After inception, instances are configured with different CPU/memory/storage/network, and installed with different software packages. Hence, instances built from the same BOSH stemcell can behave differently.

BOSH Agent

The BOSH agent is a service that runs on every BOSH-deployed VM. It does the following:

Deployment

A BOSH deployment is basically a YAML deployment manifest, where the user describes the BOSH releases and BOSH stemcells to use, and how to set up and compose jobs into groups of identical instances (historically misnamed “jobs” and later renamed “instance groups”). Within these “instance groups”, BOSH can span identical instances (VMs or containers) across different availability zones, in order to minimise the risk for all instances to go down at the same time. This is particularly useful when deploying highly available databases or applications.

In most cases, users don't work with deployment manifest as one big YAML file. Instead, deployment manifest are split into smaller files that are easier to maintain. These separate files are merged by tools like spiff or spruce, right before they get uploaded to the BOSH server and deployed.

In a deployment manifest, all configuration properties, as declared by jobs from all referenced releases, can be customized. Different jobs can refer to configuration properties with same name, in order to share common settings.

Key principles

BOSH was purposefully constructed to address the four principles of modern release engineering in the following ways:

Identifiability

Being able to identify all of the source, tools, environment, and other components that make up a particular release.

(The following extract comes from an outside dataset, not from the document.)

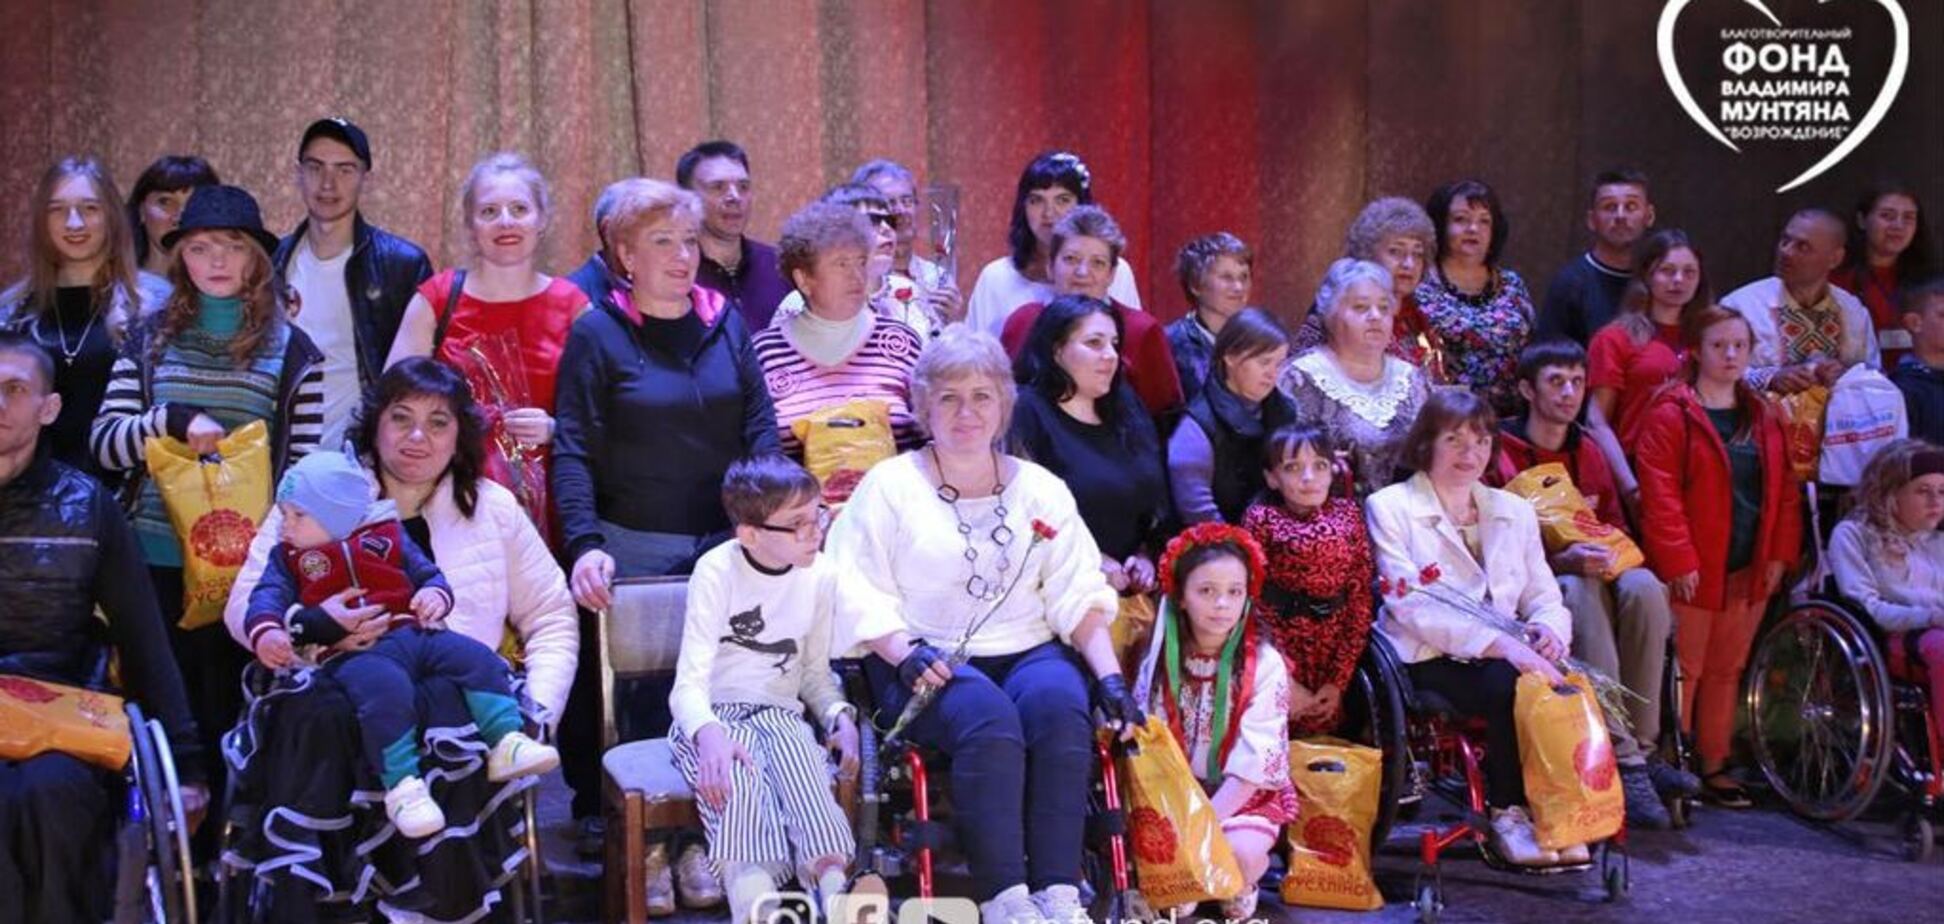  Владимир Мунтян поддержал фестиваль для людей с инвалидностью 'Дніпровські хвилі'

In its concept of “release”, BOSH packages up all related source code, binary assets, configurable properties, compilation scripts, and startup scripts. This allows users to easily track what is actually deployed, and how it is run. Additionally, BOSH provides a way to capture the root filesystems that will be the basis of deployed instances (VMs or containers), as single images called “stemcells”. BOSH releases and BOSH stemcells are identified by UUIDs and sealed by SHA-1 checksums.

Reproducibility

The ability to integrate source, third party components, data, and deployment externals of a software system in order to guarantee operational stability. BOSH tool chain provides a centralized server for operating the deployed systems. This server holds software “releases”, Operating System images (called “stemcells”), persistent data, and system configuration. Therefore, a given deployment is guaranteed to reproduce an identical result.

Consistency

The mission to provide a stable framework for development, deployment, audit, and accountability for software components. BOSH achieves such consistency with its software “releases”, that bring a consistent framework for developing and deploying the software systems. Moreover, audit and accountability are provided by the BOSH server, which allows users to see and track changes made to the deployed systems.

Agility

The ongoing research into what are the repercussions of modern software engineering practices on the productivity in the software cycle, i.e. Continuous Integration. BOSH tool chain integrates well with current best practices of software engineering (including Continuous Delivery) by providing ways to easily create software releases in an automated way and to update complex deployed systems with simple commands.

History

Designed to address shortcomings found in available tools to manage Cloud Foundry. Chef was used originally, but was limited in its ability to package, spin up/down servers, limited in monitoring and self-management capabilities. Originally developed for Cloud Foundry's own needs, but the project has now grown to be completely generic, and can be used for orchestration of other software such as Hadoop, RabbitMQ, MySQL and similar platform or application software.

Architecture

A BOSH installation is made of several separate components that can possibly be split across different VMs or containers:

A BOSH managed environment usually centers around the Director deployed on a VM.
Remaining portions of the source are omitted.